Closed lwaldron closed 1 year ago
Sorry, but it doesn't seem like a good idea to support that on bugsigdb.org itself as it leads to study duplication:
https://bugsigdb.org/Study_580 (PMID entered without leading 0) https://bugsigdb.org/Study_731 (PMID entered with leading 0)
I would actually say this should be prevented directly on bugsigdb.org. I'll open an issue if you agree.
As for representing PMIDs as numeric or character. For type safety, I would actually rather make the case that those should be characters, very much the same argument why we represent Entrez Gene IDs or NCBI Taxon IDs as characters. Those are identifiers and not numbers.
Now that you've pointed out the duplication problem on the wiki I agree, about type character and preventing leading zeroes in PMID on the wiki. Note that PMID type had changed from numeric to character since the last working GHA.

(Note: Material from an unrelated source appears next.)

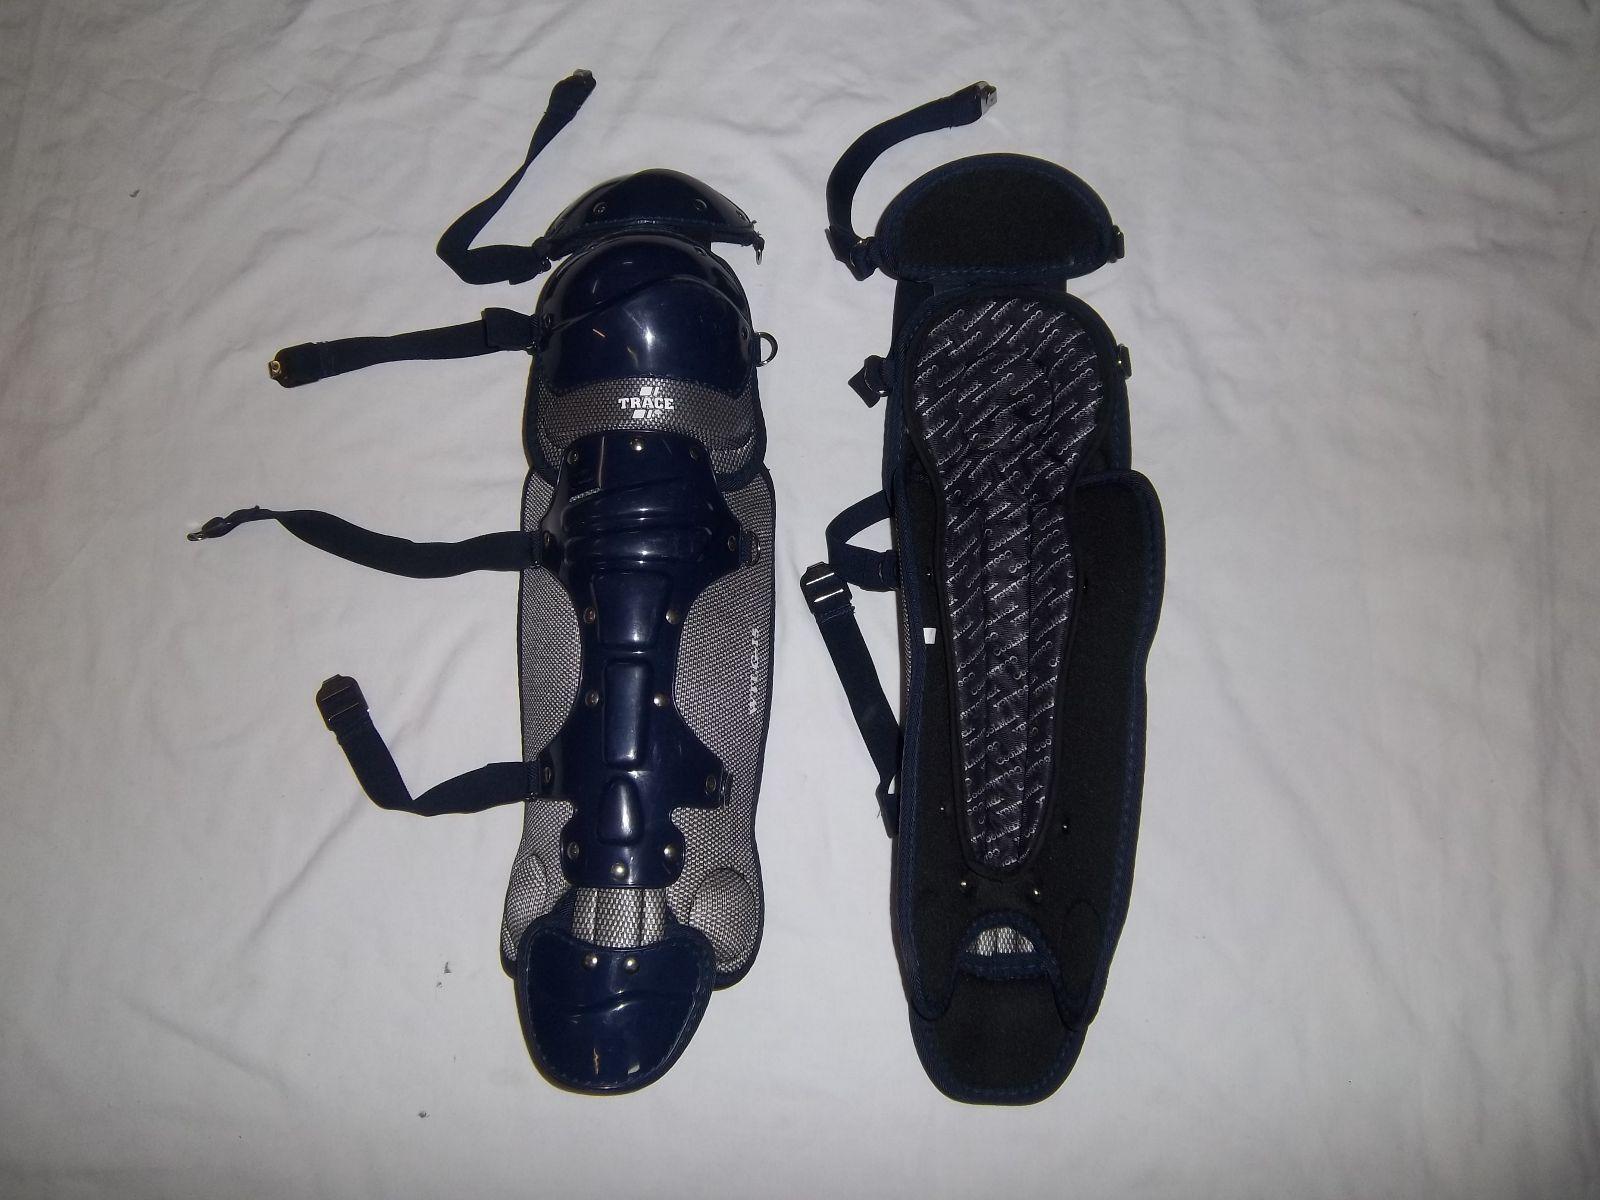 TRACE WTLG15 YOUTH ADULT  BASEBALL SOFTBALL LEG GUARD (VARIOUS COLORS)

We have one corner case (https://bugsigdb.org/Study_731) where a curator entered a leading zero for the PMID. The PubMed website ignores leading zeros (for example, try https://pubmed.ncbi.nlm.nih.gov/00000031682463/), so it works normally on bugsigdb.org. We should ignore it too by importing the PMID column as numeric. I noticed this because the PMID column was numeric before the exports broke 3 weeks ago, and now it is character.